== Exercise aim ==
Output the listing exactly as written, apart from its pictures.

== Raw data ==
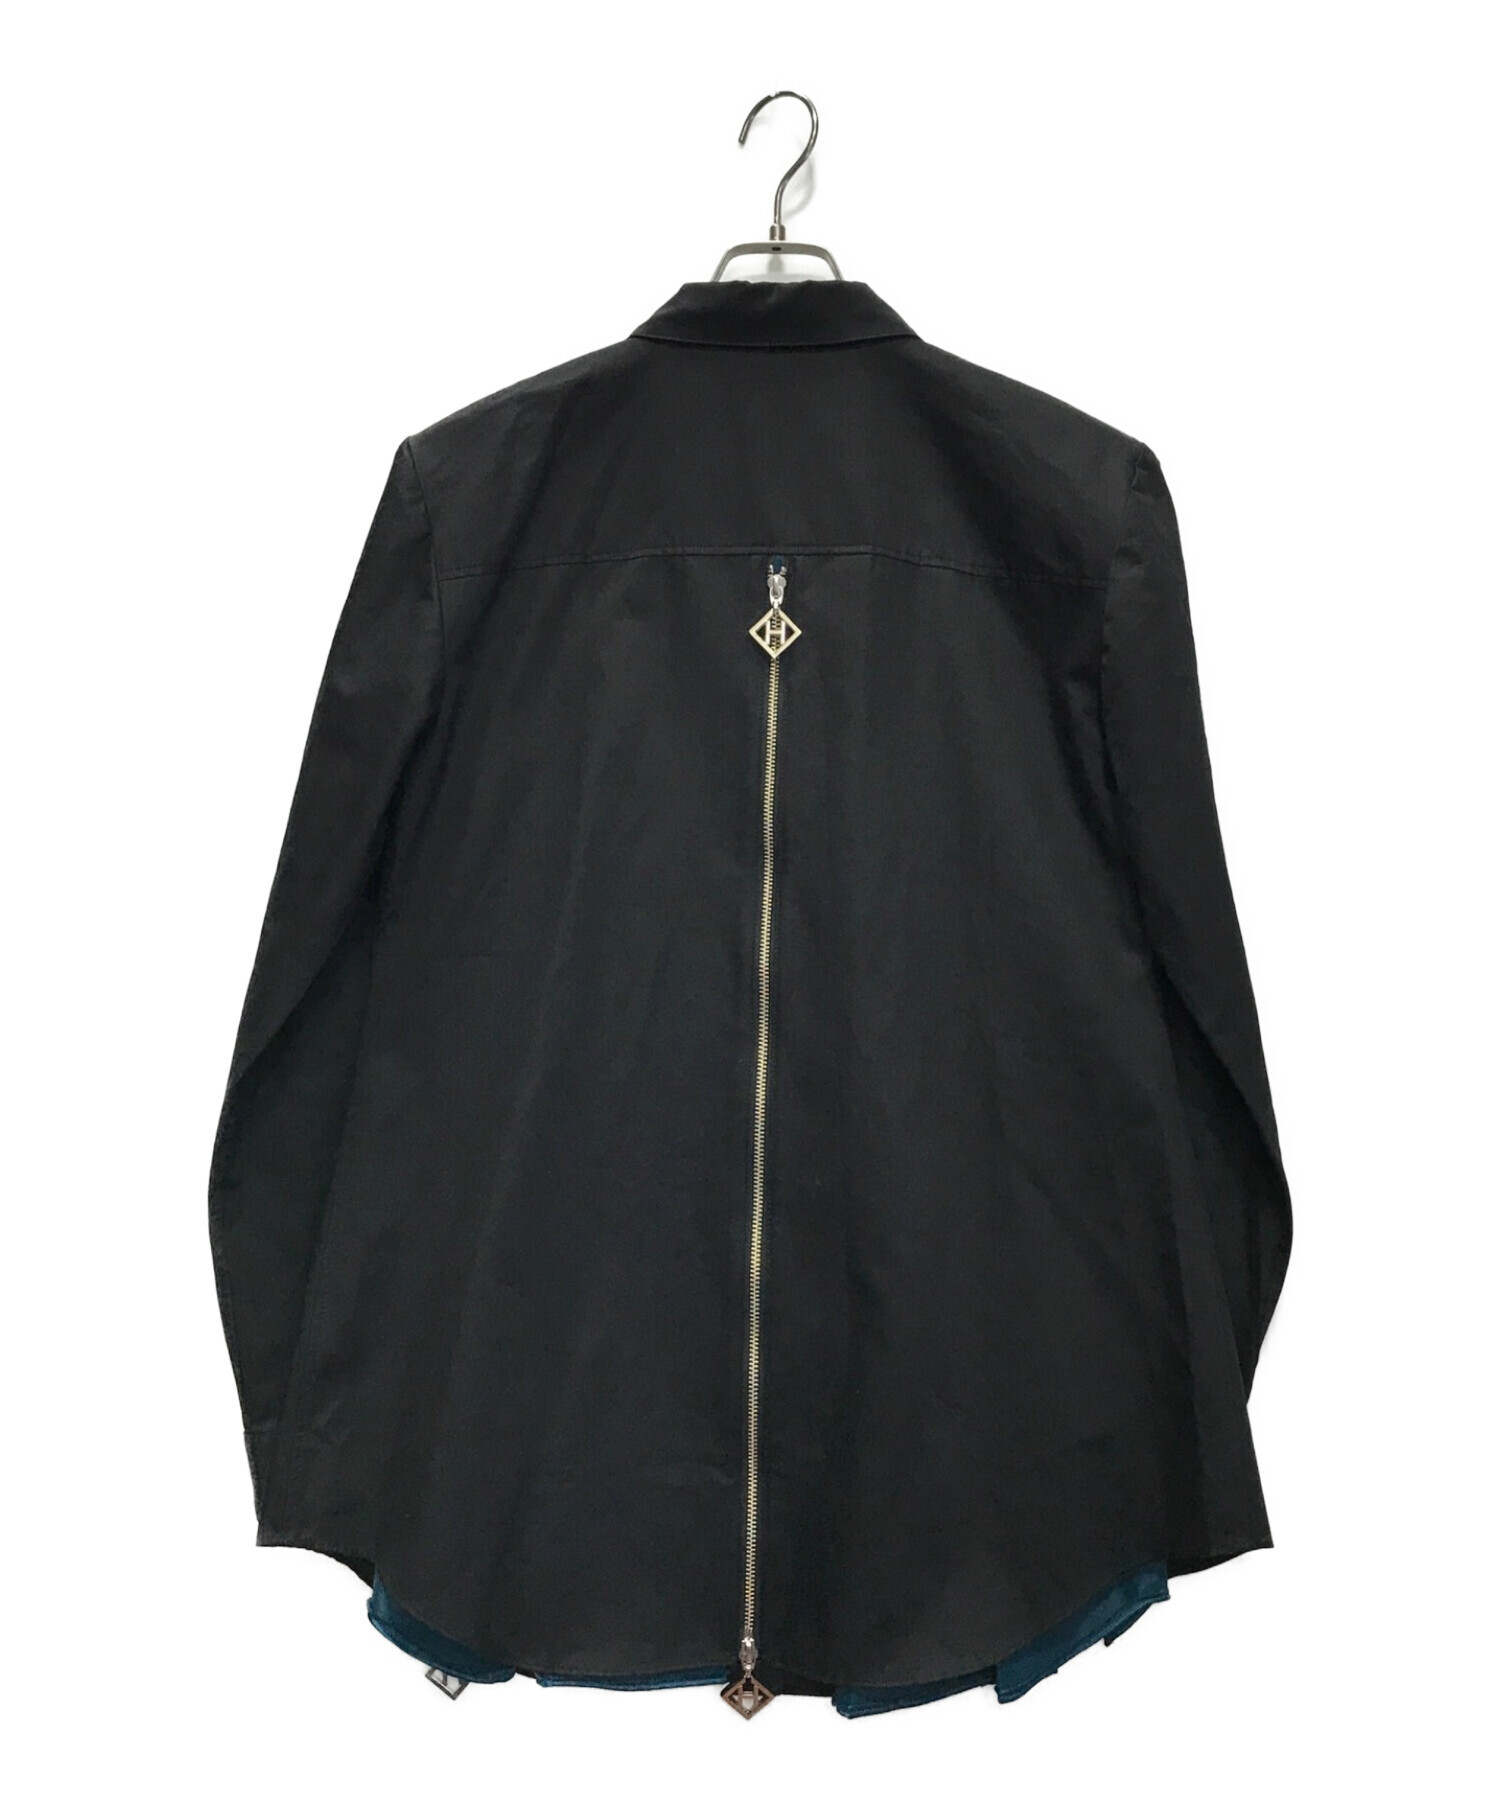 hazama 絶対不可侵のシャツ ブラック ハザマファッション
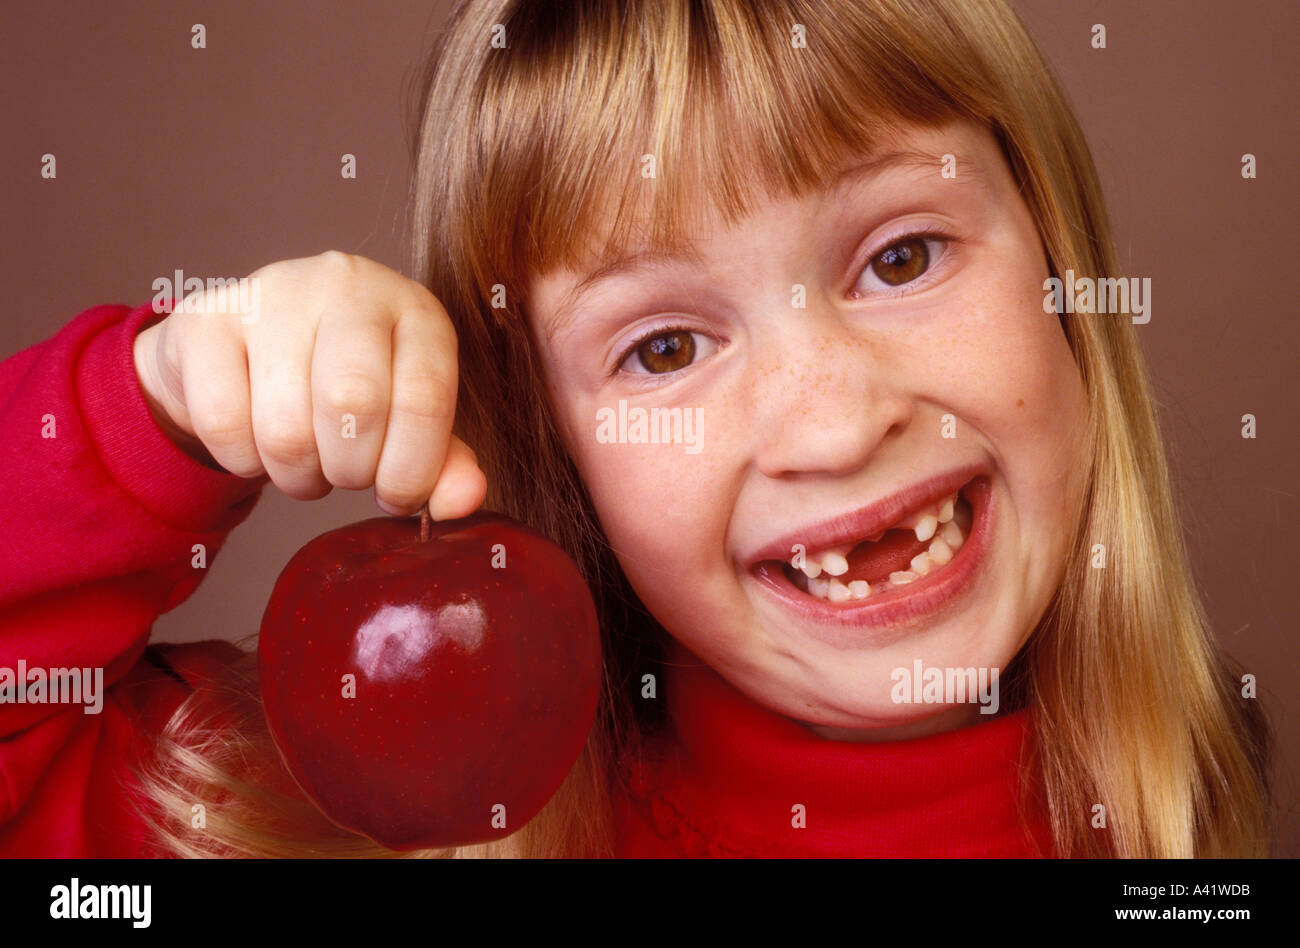 Little girl holding apple missing front teeth Stock Photo
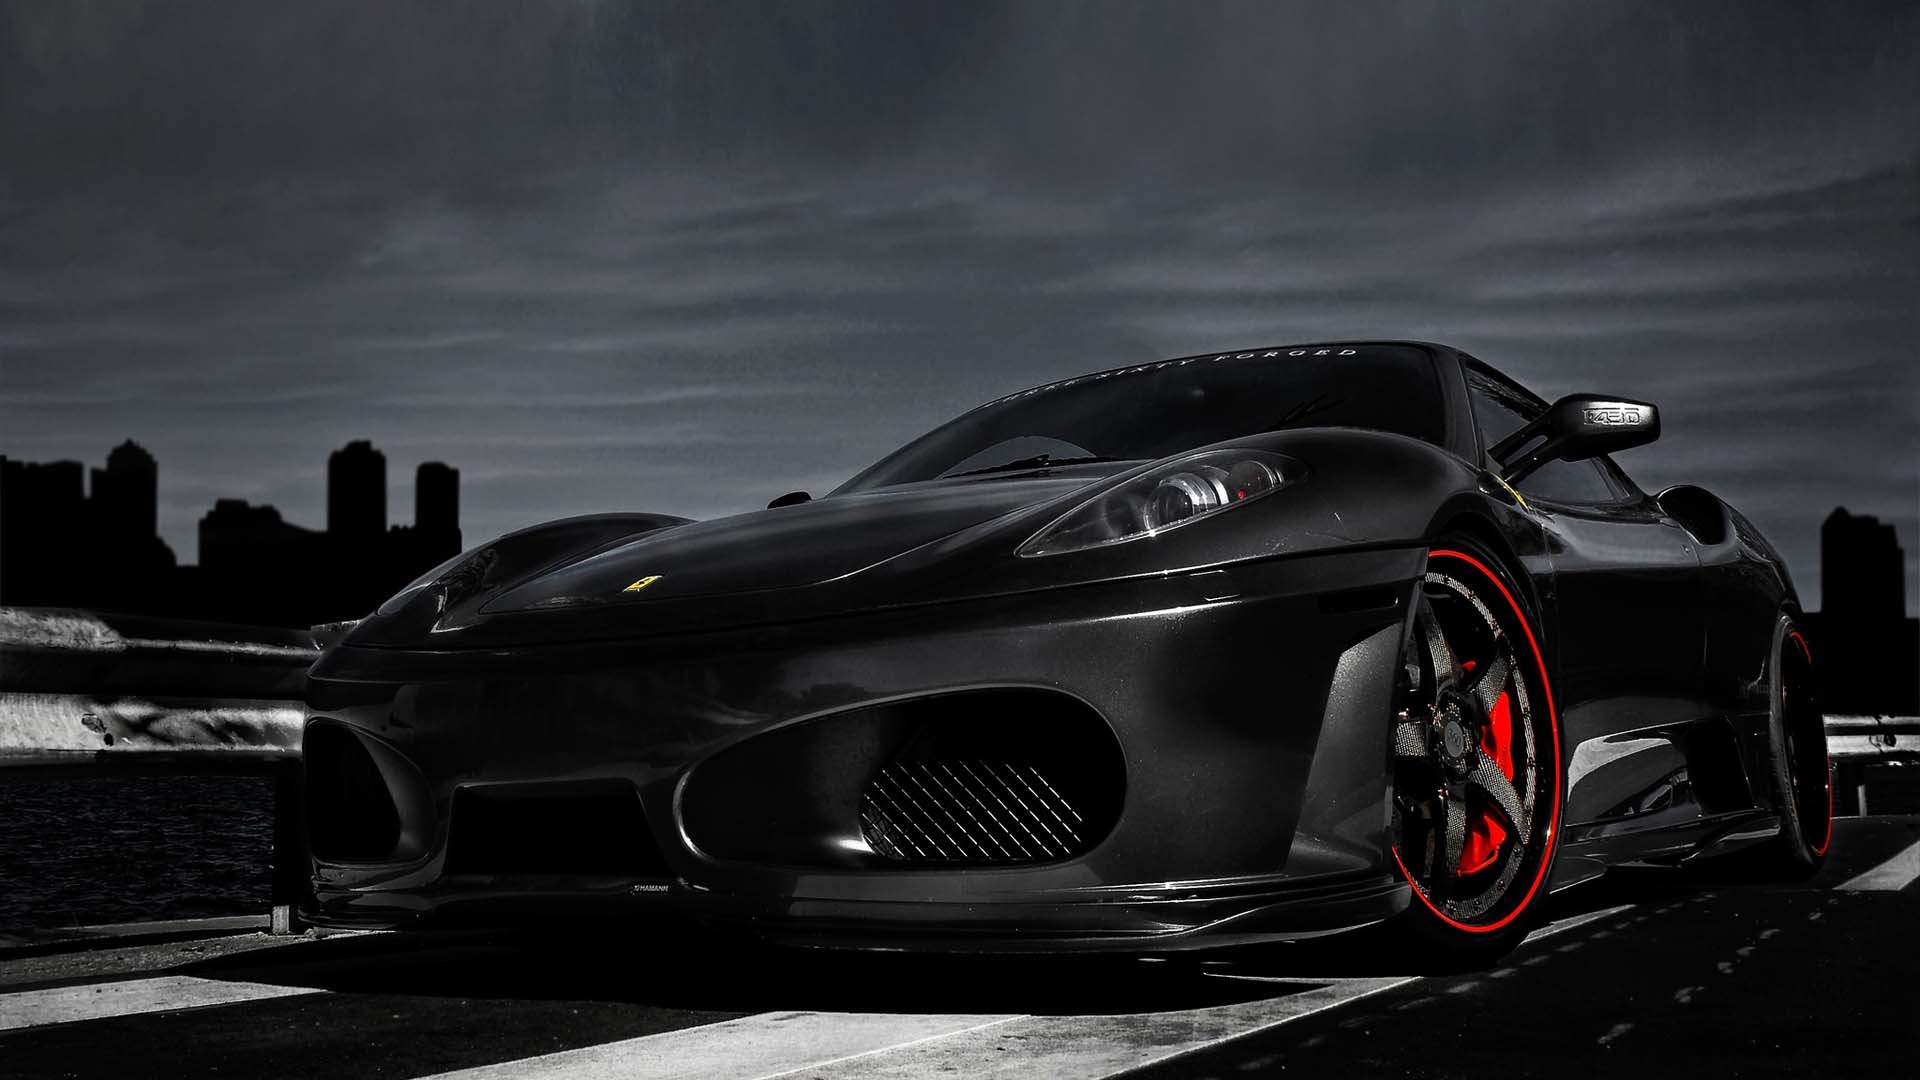 Black Ferrari Wallpaper HD In Cars Imageci

== Answer to this exercise ==
 hazama 絶対不可侵のシャツ ブラック ハザマファッション
 Little girl holding apple missing front teeth Stock Photo
 Black Ferrari Wallpaper HD In Cars Imageci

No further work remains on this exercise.